As far as the Mazars case involving the House subpoenas, Democrats in that body won’t get their hands on any of Trump’s financial records ahead of the 11/2020 election, if at all (axios.com, 7/09/20). SCOTUS was more receptive to Manhattan Dist. Atty. Vance’s subpoena power, as prosecutors are clearly allowed to conduct law enforcement. The House’s lawyer failed to define some limits on Congress’ subpoena power (axios.com, 7/09/20). Yes, in the Mazars USA case, CJ Roberts stated that Congress has the power to subpoena the president’s financial records. However, SCOTUS sent that case back to lower courts to reassess the matter with a new and narrower interpretation of Congress’ power to subpoena the Chief Executive’s records (Blumenthal, huffpost.com, 7/09/20). Again, another “ y uu ge” practical win for Donald, while SCOTUS properly talked in Government 101 terms about Congress’ ability to subpoena a president’s financial records.

And yes, many people are saying that Trump appointees Kavanaugh and Gorsuch stuck a proverbial finger in Trump’s eye by joining the majority in both these cases. Don’t you believe that. In the NY Trump v. Vance case, as previously mentioned, Kavanaugh wrote a concurring opinion that Gorsuch joined. In that concurrence, Kavanaugh noted that when the Vance case is first remanded to the District Court, as SCOTUS unanimously agreed it should be, “the President may raise constitutional and legal objections to the subpoena as appropriate (businessinsider.com, Lahut, 7/09/20).” Get it? Kavanaugh and Gorsuch are boldly telling their patron Trump and his legal team to keep delaying the NY Vance grand jury case by raising all the objections they can conjure up. “Delay, delay, delay,” the friendly Kavanaugh and Gorsuch advice to keep Trump’s financial returns from ever seeing the light of day.

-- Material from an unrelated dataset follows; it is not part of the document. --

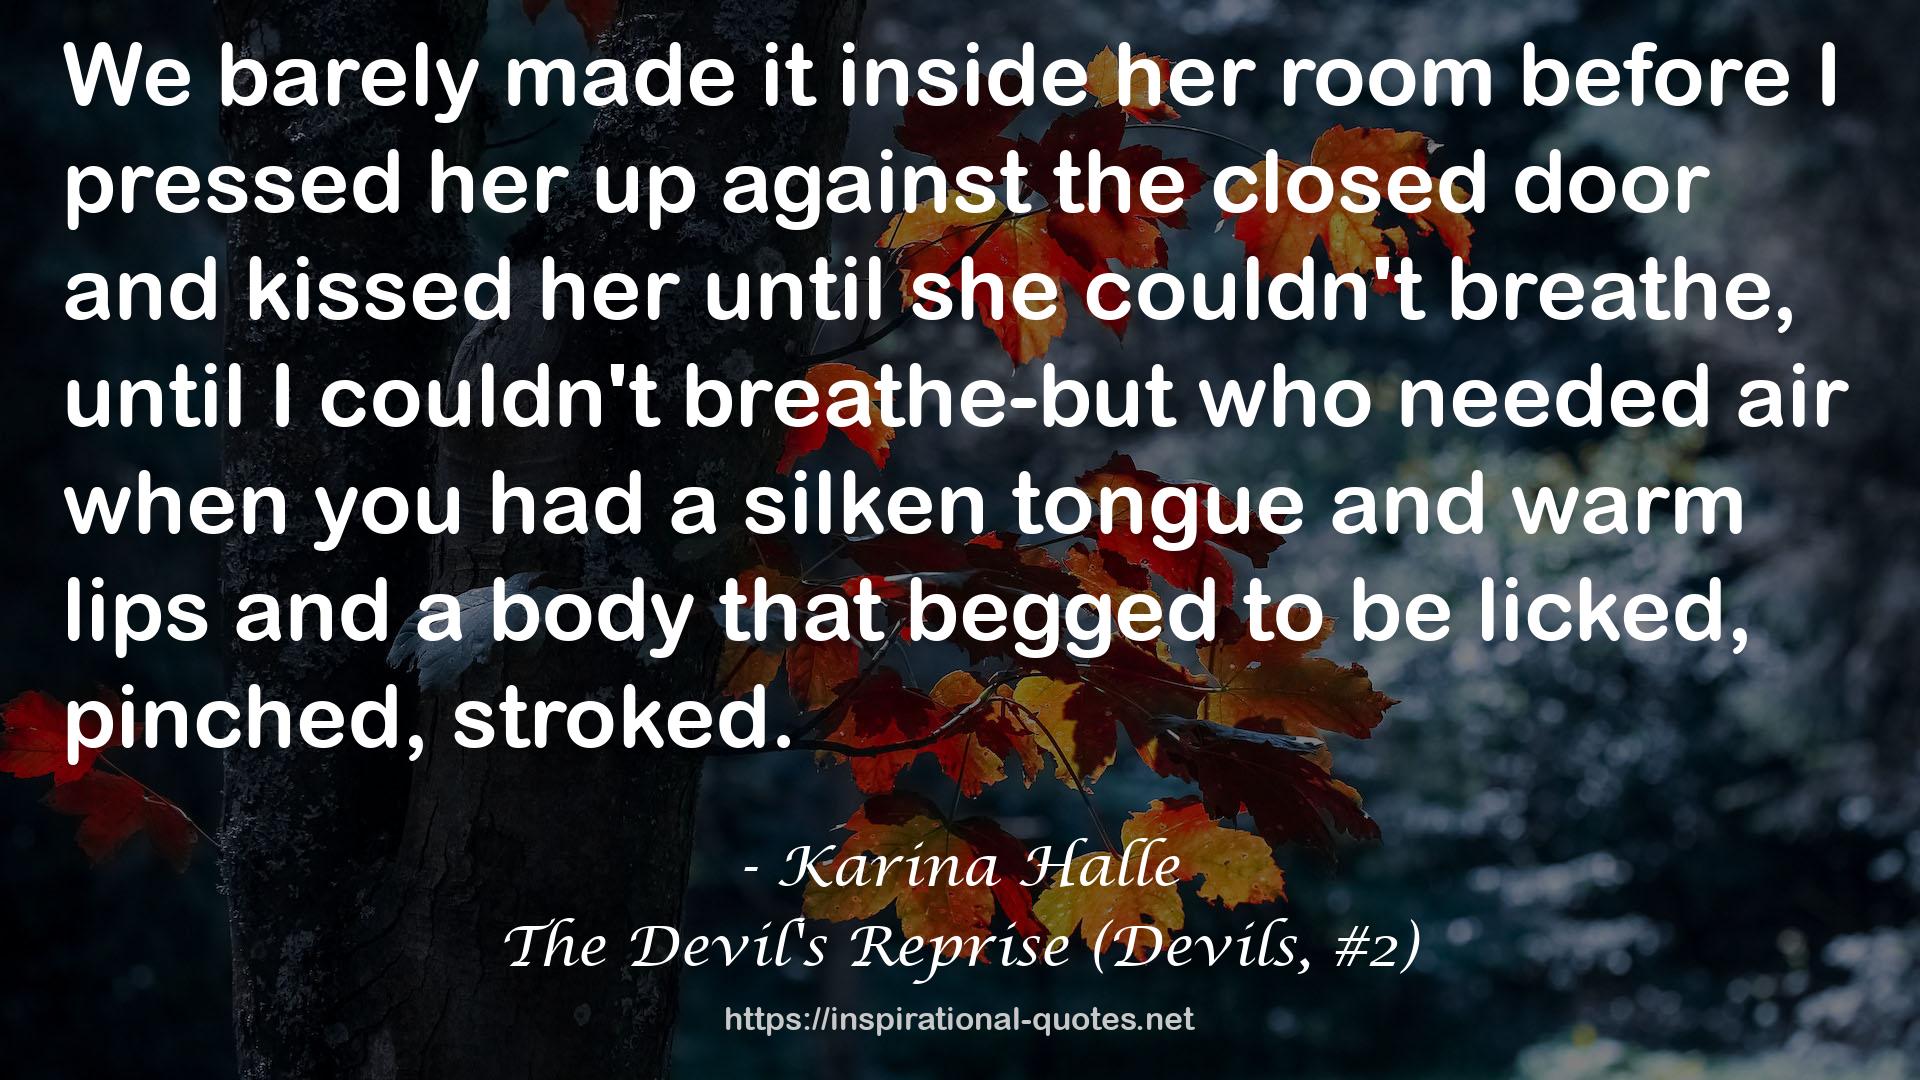 The Devil's Reprise (Devils, #2) QUOTES

The SCOTUS 2019-2020 term is history. CJ Roberts and his High Court are not leaning in any liberal direction. Sometimes, as in the LGBTQ and DACA cases, they will pleasantly surprise progressives. However, most of the time, they are pushing a conservative agenda, one that aims to dismantle the wall between church and state. This Court is hostile to women’s reproductive health, and just waiting for the right case to gut Roe v. Wade. The Roberts’ Court remains pro-business and does not protect voting rights. The Roberts’ SCOTUS is still shielding Trump in his role as Chief Executive from proper congressional and state oversight. Gorsuch, with a few exceptions, and even more so Kavanaugh, Trump’s nominees, continue to block and tackle for Demagogue Donald. With the advanced ages of Justices Breyer and Ginsburg, we must not allow Trump to get a second term and turn the High Court reactionary plus. Again, progressives must understand that social conservatives, despite a few losses, are clearly thrilled by the whole set of church-state rulings. They will heavily turn out to support a Trump second term to get similar rubber stamp Justices to truly “pack the Court.” It is time for “Team Blue,” from Joe Biden on down and all our voters, to understand that Election 2020 puts SCOTUS high on the ballot along with jobs and health care. We must come out in droves plus to recapture the White House, keep the House, and take back the Senate. The Senate, remember, votes on Supreme Ct., Circuit Court, and District Judges the president nominates. We must “ditch” GOP Senate Majority Leader Mitch McConnell and his “Red pack the courts” gang. To paraphrase Bill Clinton, “It’s SCOTUS and the federal judiciary, stupid!”